Building Your Dream Home

When I founded a marriage and family organisation while still at seminary, I struggled with what to name it.  Many of the cool biblical phrases were already taken.

A colleague with Family Life suggested a variation on a wedding vow, “Til death do us Partington”.  That didn’t fly.

Around that same time I discovered the concept of “shalom bayit”. Shalom bayit means “peace in the home” in Hebrew.  It’s an overarching model for the family grounded in Genesis, reflected throughout both testaments by its Jewish authors, and embellished in later Rabbinic writings.

So, “Peace in the Home” became the name of our ministry. Today its values and mission live on through this blog, as well as through my speaking and counseling.

Peace in the Home has a hopeful ring, doesn’t it?  Today I want to focus on the fourth word, “home”.

While our culture tends to minimize it, what happens at home is hugely significant.  To clinicians, home is a developmental laboratory that houses a complex system of relationships and transactions.

Many, myself included, believe that a marriage, whether healthy or unhealthy, affects three or more generations. It’s not just about two people.

In Hebrew thought, the home is a mini-sanctuary.  It’s a sacred place where a husband and wife worship God by how they live and relate. It’s the center of the universe for children’s, youth and family ministry.  It’s the foremost school in the land.  It’s where the rubber meets the road.

Whatever else may be said about the home, it is the bottom line of life.  The anvil upon which attitudes and convictions are hammered out.  The single most influencial force in our earthly existence.  It is at home, among family members, that we come to terms with  circumstances.  It is here that life makes up its mind.

Charles Swindoll

Since the home is so important, how we build it is also important.

How many times have you heard of couples splitting up during construction or after completing their “dream” home?  Sometimes as the house expands, the home collapses.  It happens far too often.

Melissa and I began building a house in North Carolina two months after we married.  No, we weren’t consciously trying to cut short our relationship!  We just couldn’t find the right house, so we decided to build one.

After the land was cleared, a flatbed truck pulled up with all of the materials — bricks for the foundation, lumber for framing, windows and doors, shingles for the roof.

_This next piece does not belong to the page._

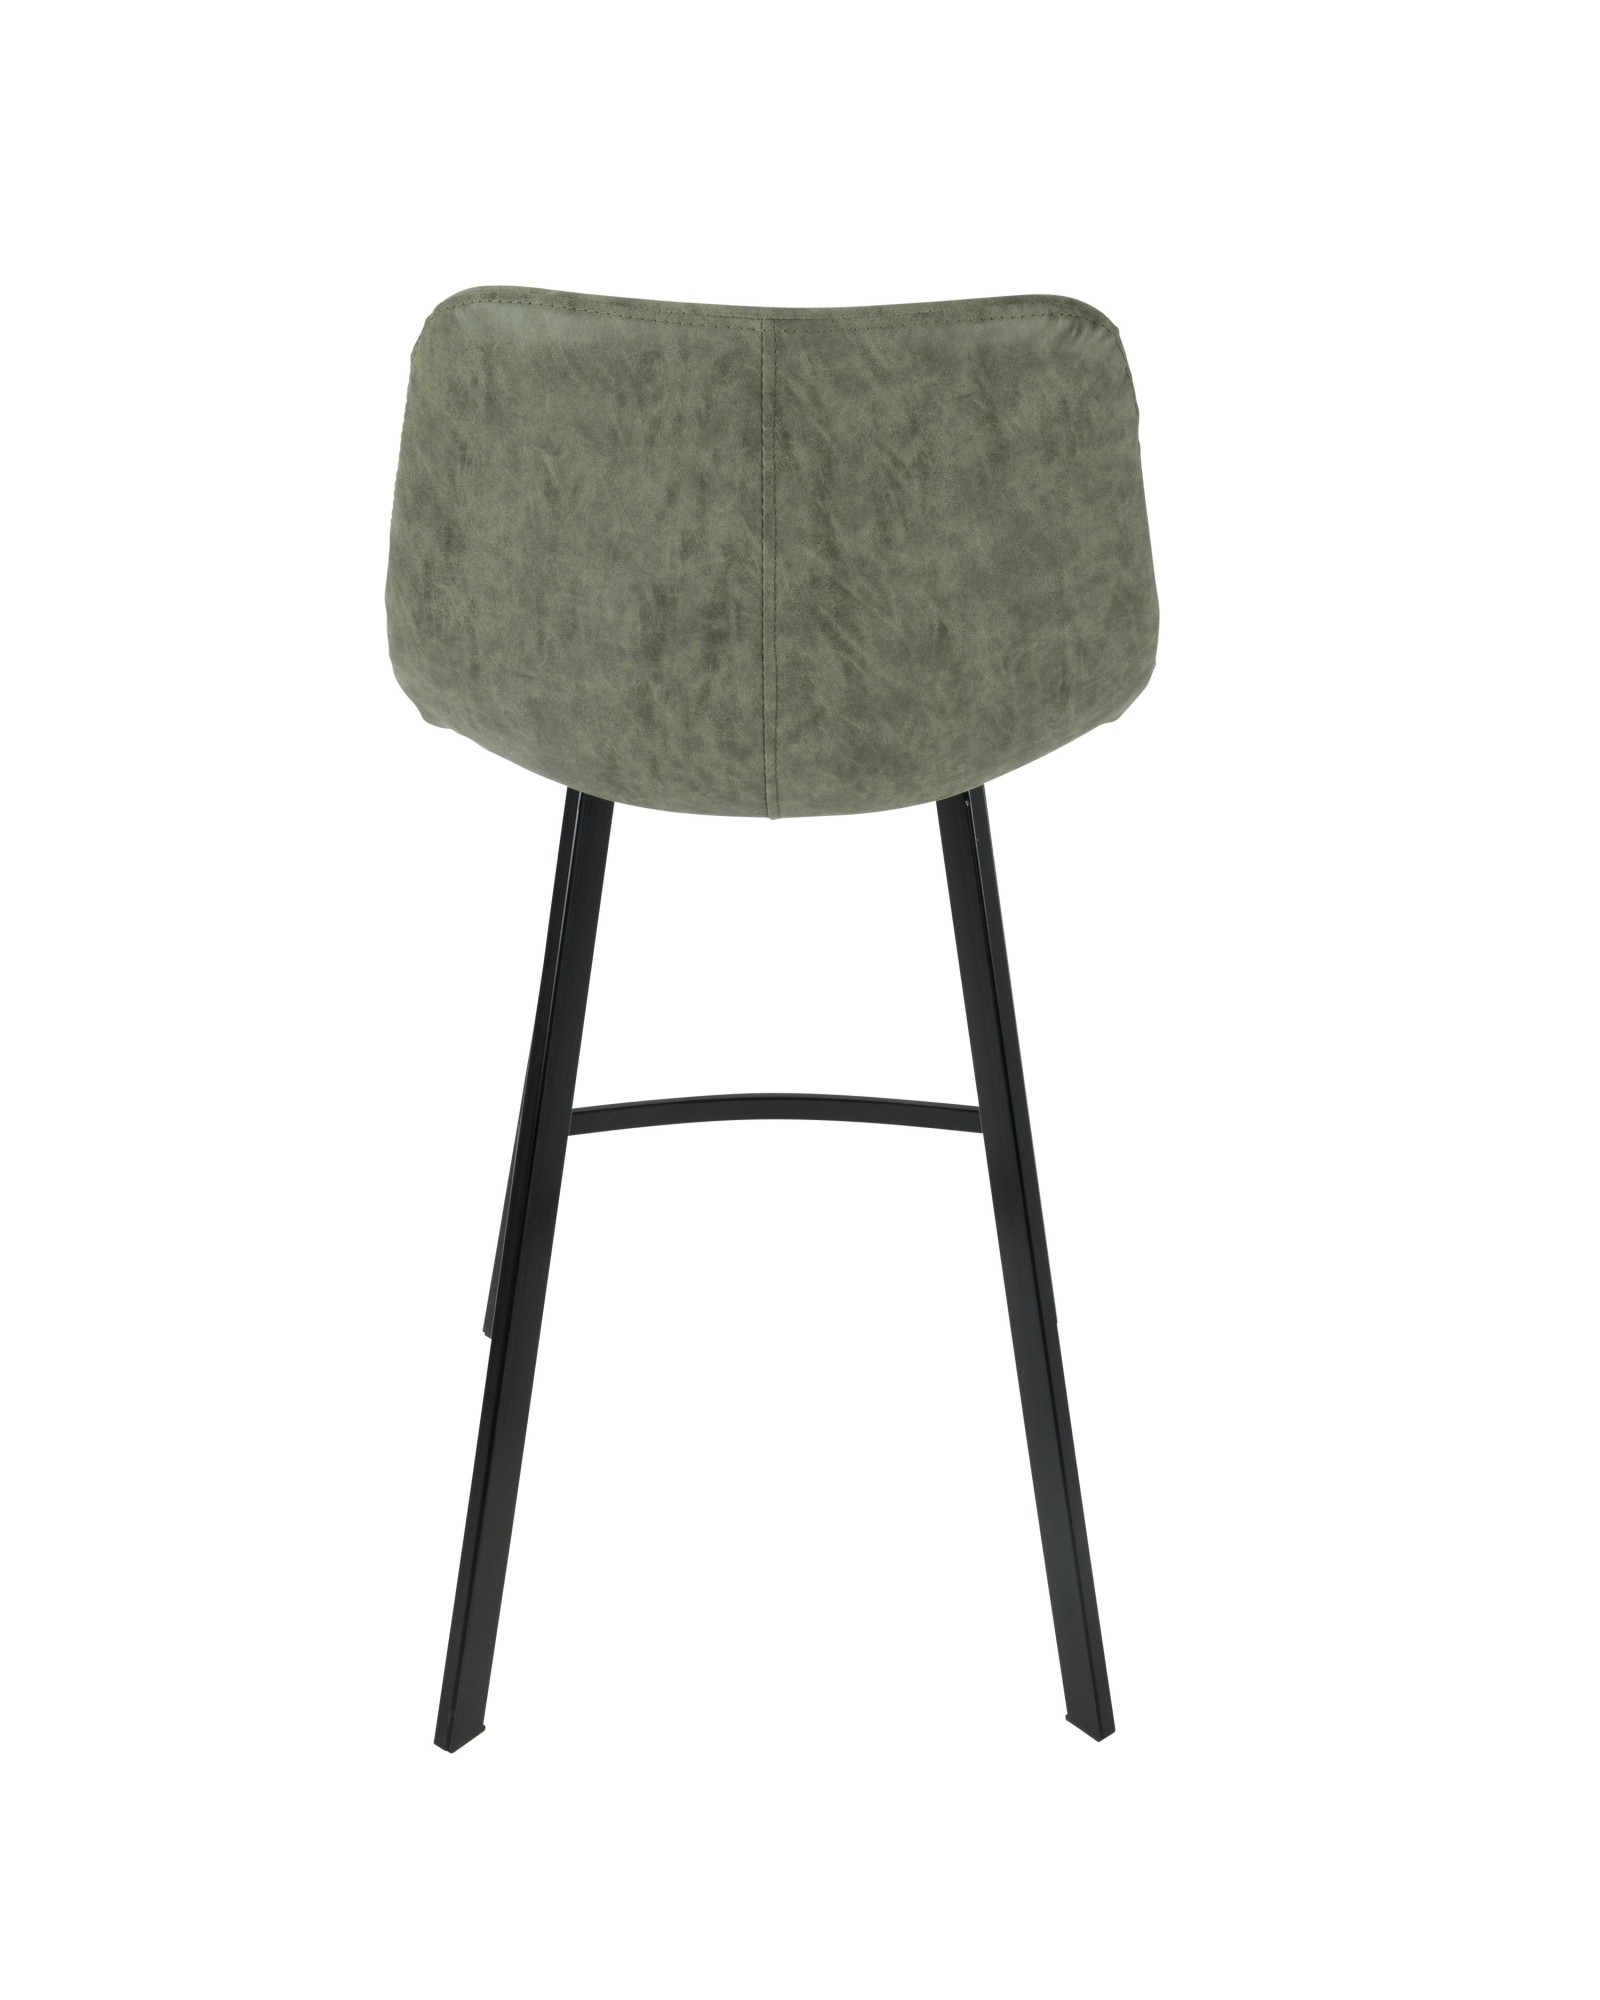 Outlaw Industrial Counter Stool in Black with Green Faux Leather - Set of 2

As the walls rose, so did our excitement … until we noticed something.  Instead of covering the framing with plywood or OSB, our builder used a thin, foil-covered material.  Essentially, it was made out of paper.  As construction progressed, the sheathing was accidentally punctured by ladders and forklifts.  Many holes were patched, but some were just covered up by the siding crew.

While nothing could dampen our excitement about moving into our first home together, we were a little disappointed that our builder had compromised on materials.  Shoddy building materials can’t weaken relationships anymore than granite countertops can strengthen them, or can they?

By wisdom a house is built,

and by understanding it is established;

by knowledge the rooms are filled

with rare and beautiful treasures.

Proverbs 24:3-4

This beautiful passage from Proverbs names three house-building materials: wisdom, understanding and knowledge.  Many writers and preachers rightly deal with each individually.  Since this is Hebrew poetry, there’s another approach we can take, without compromising the text.

In Hebrew poetry, a common poetic device is parallelism.  When an author repeats the same idea in two or more ways, he is usually emphasizing the importance of one idea.

The message for us in this passage may not be in the uniqueness of each building material, but in the one big thing being emphasized.  But, what is that thing — the one material upon which the success of a home pivots?

I believe it’s “wisdom”, the first component named.

There are a lot of confusing messages for couples starting out today.  Everywhere we turn, someone is offering worldly wisdom on how to do relationships.  Friends naturally want to help.  So do the writers of TV shows and screenwriters of movies we watch.  Fathers and mothers have a lot to offer.

In the 17th century masterpiece, “A Pilgrim’s Progress”, Christian followed the advice of Mr. Worldly Wisdom.  Believing his slick pitch, Christian took a detour that would have destroyed him.  Fortunately, he was intercepted by a wise friend, who encouraged him back onto the right path.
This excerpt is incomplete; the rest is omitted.